Recorded information ->
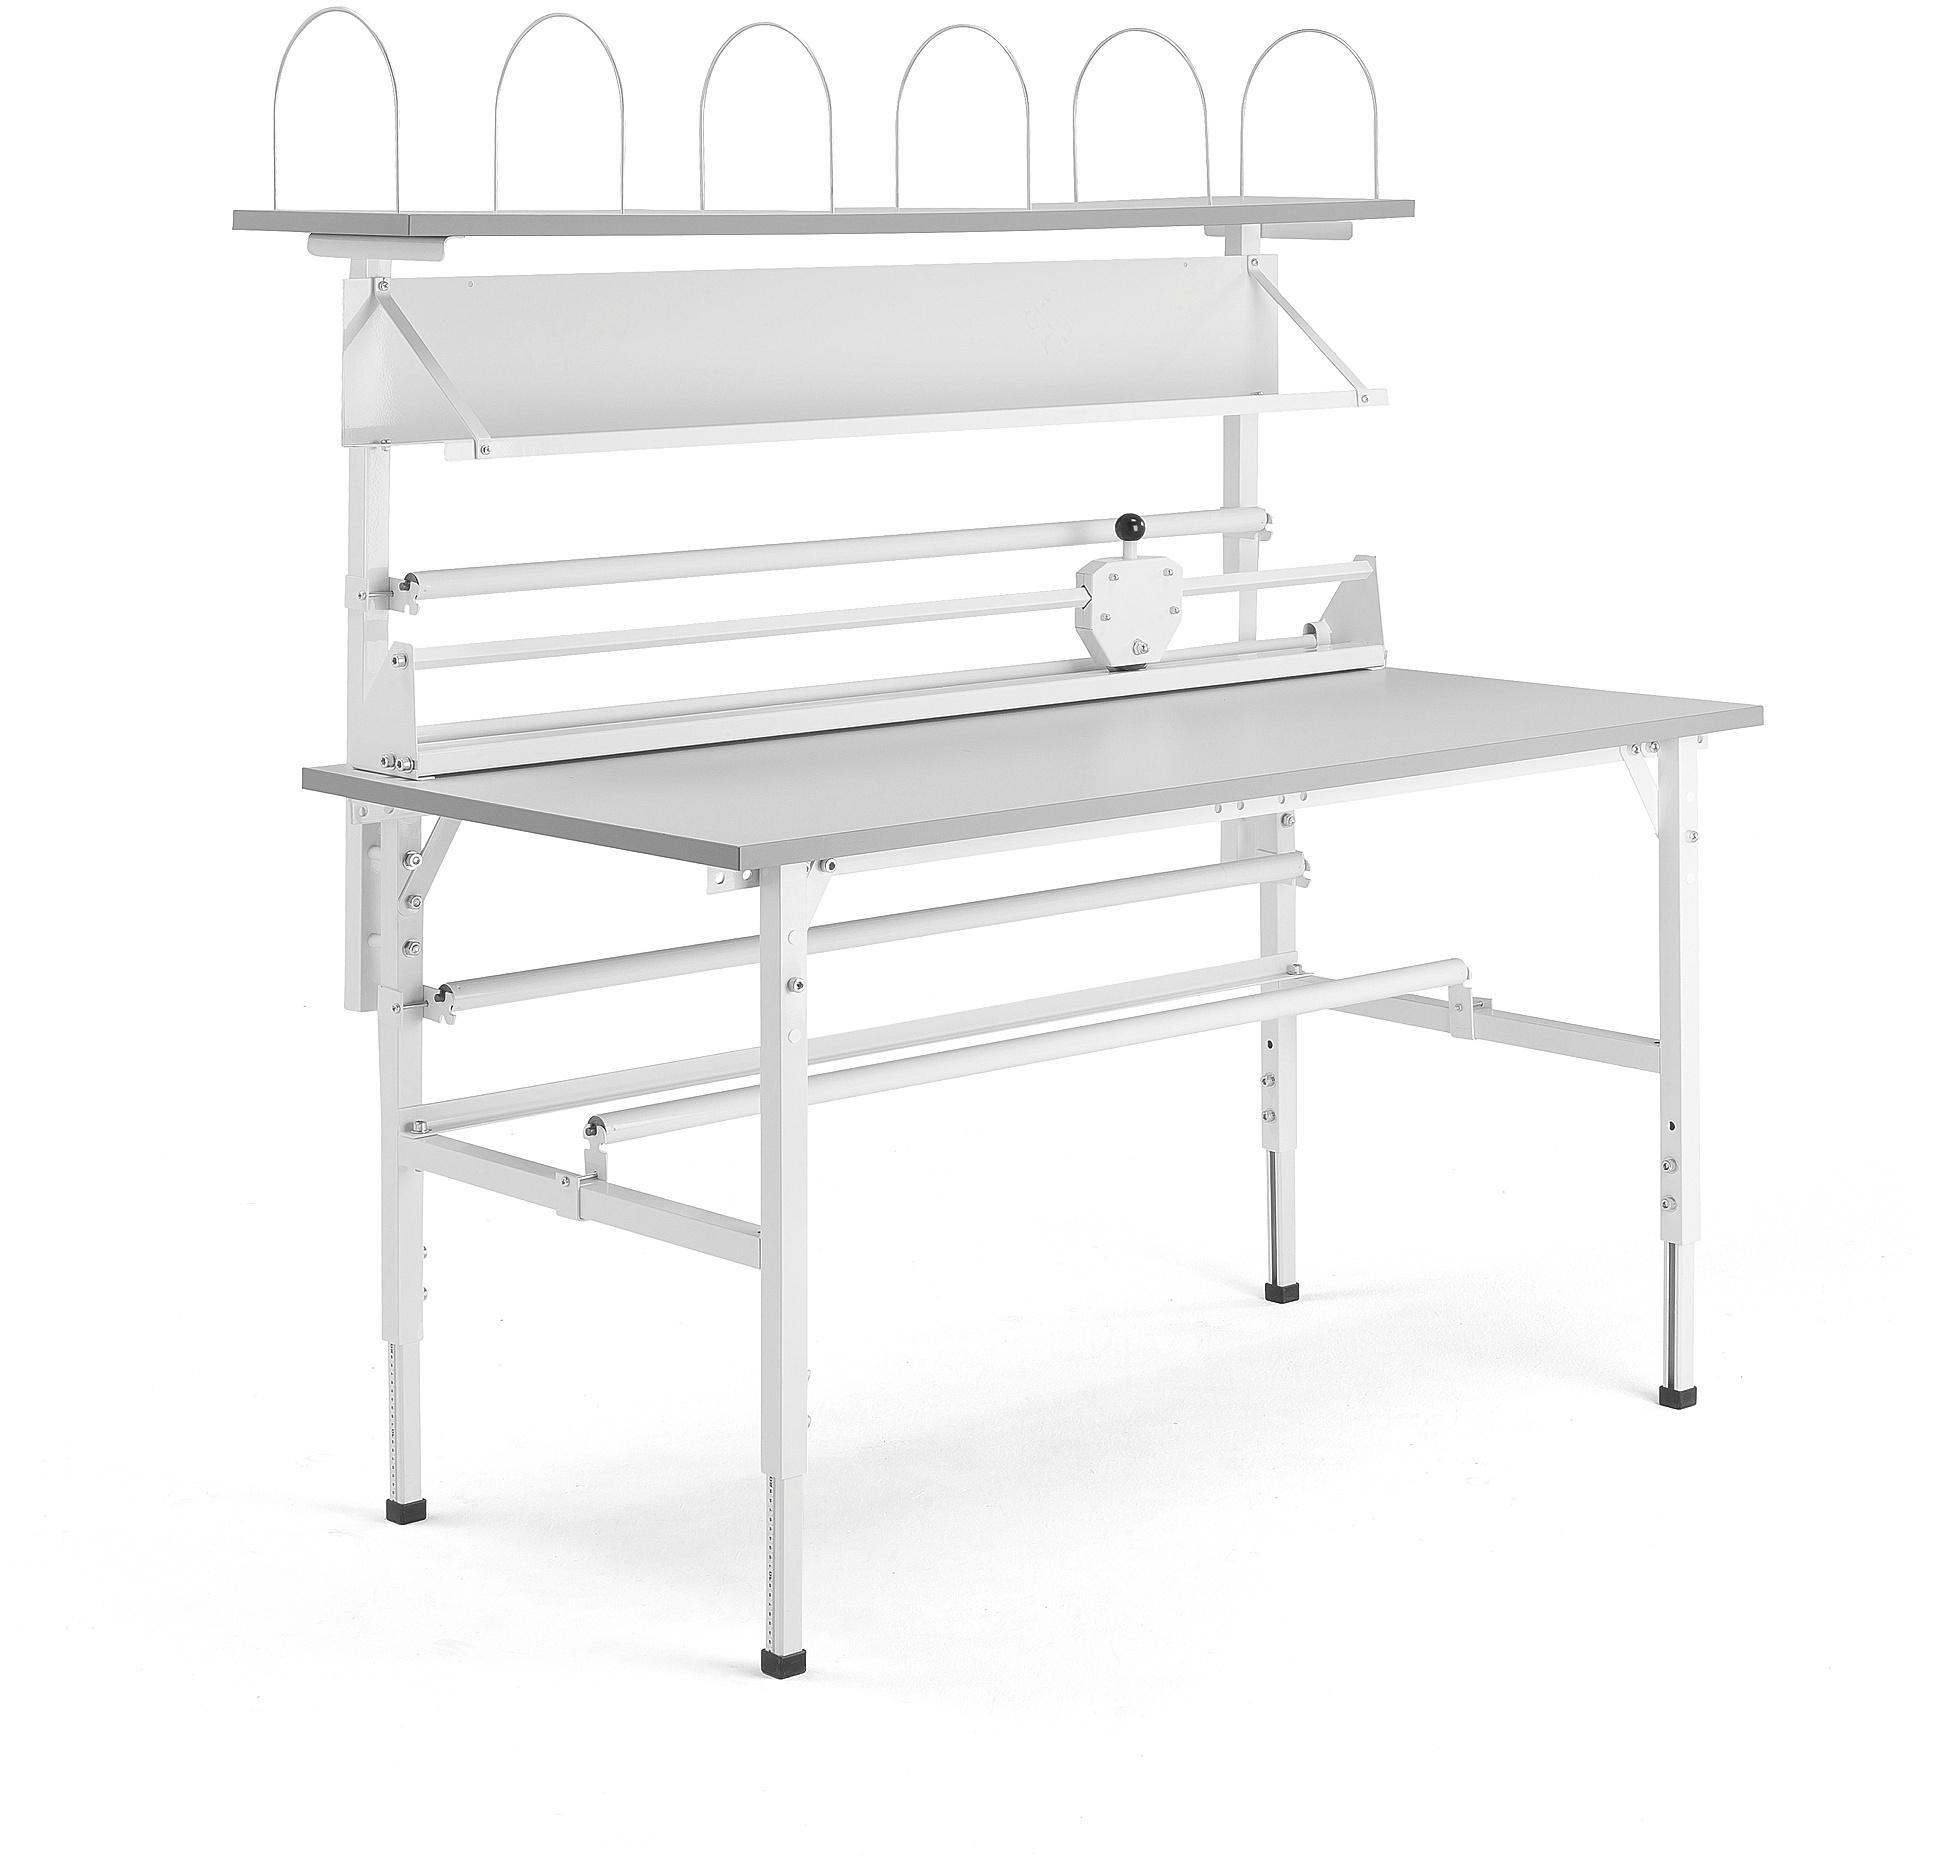 Dielenský baliaci stôl Send, s policami, 1600x800 mm, šedý
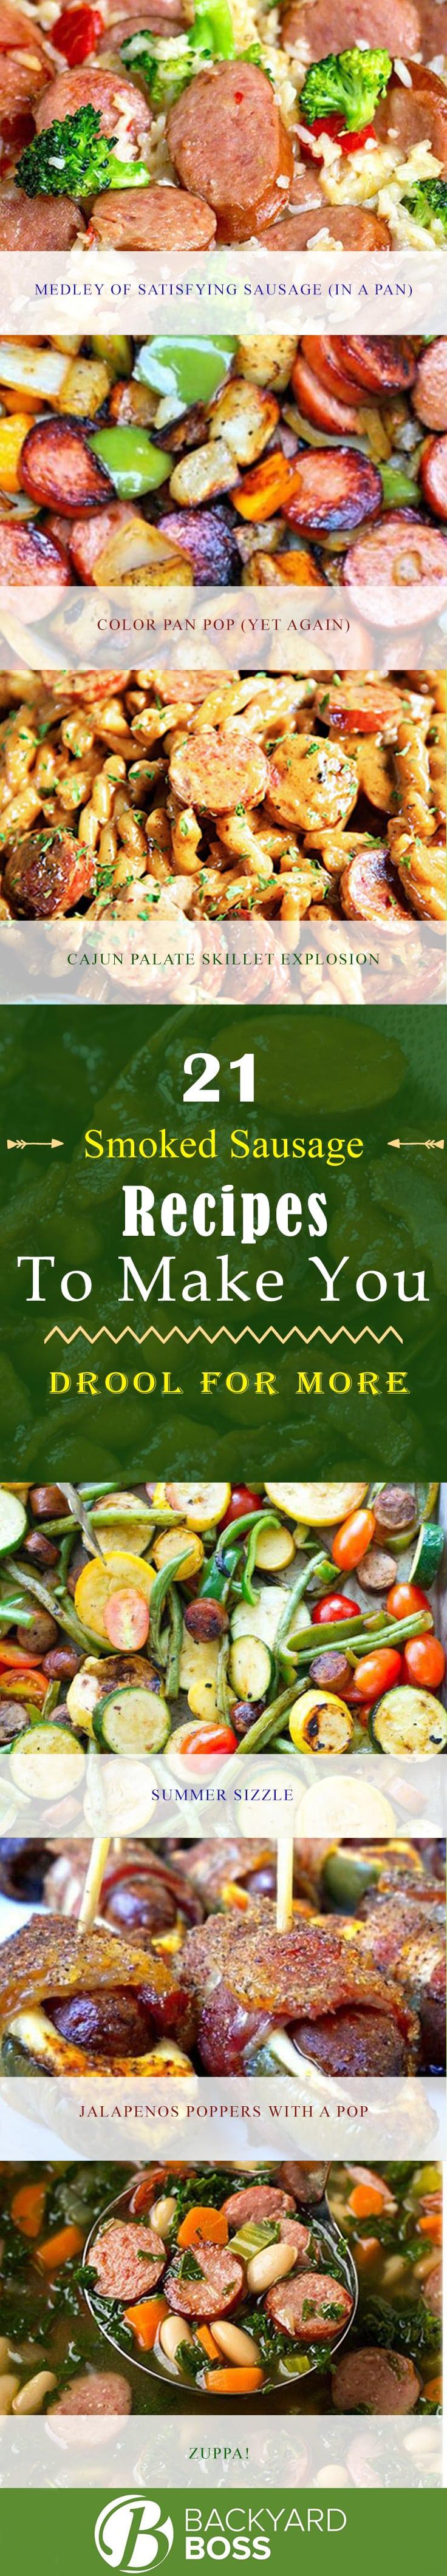 21-smoked-sausage-recipes
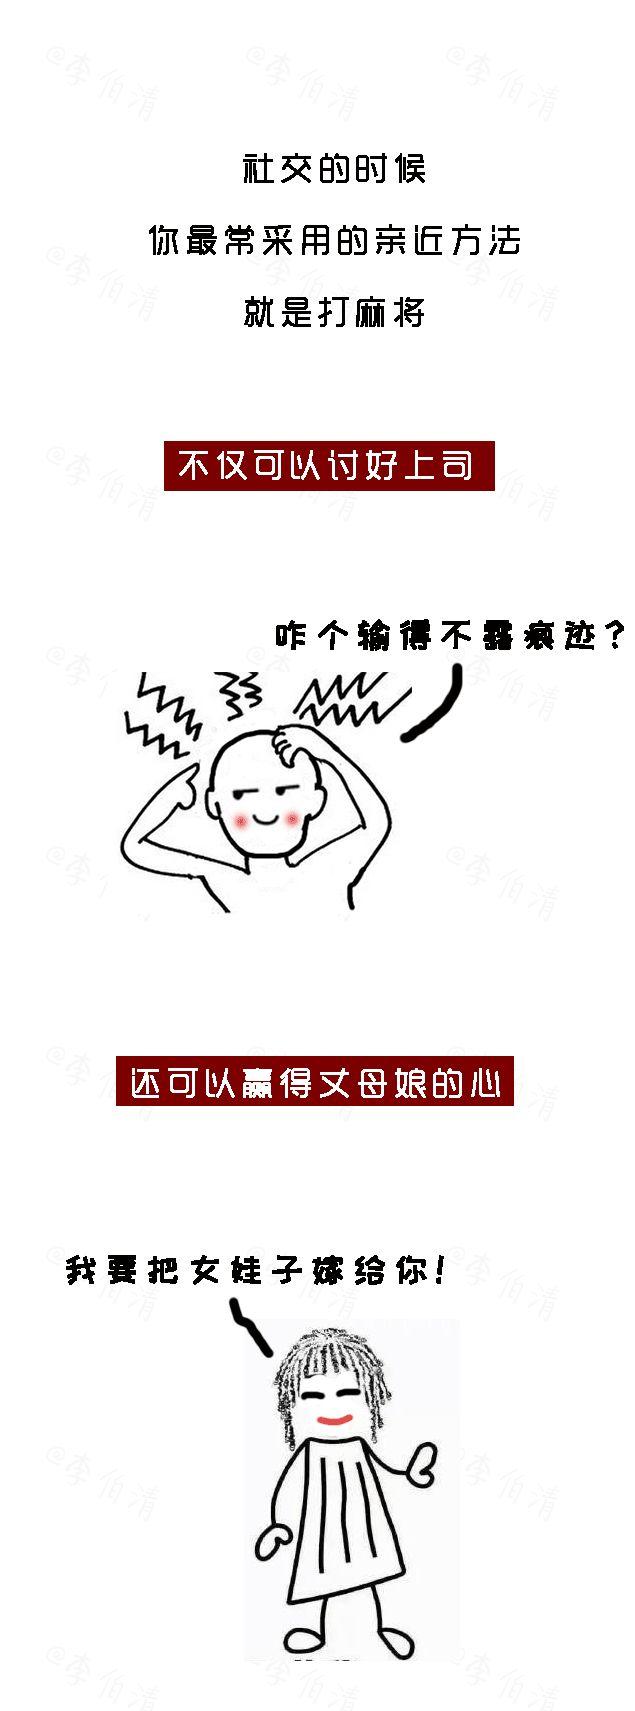 四川人2019年终总结

Work item -> Print the material above verbatim except the pictures.

Reply ->
 Dielenský baliaci stôl Send, s policami, 1600x800 mm, šedý
 21-smoked-sausage-recipes
 四川人2019年终总结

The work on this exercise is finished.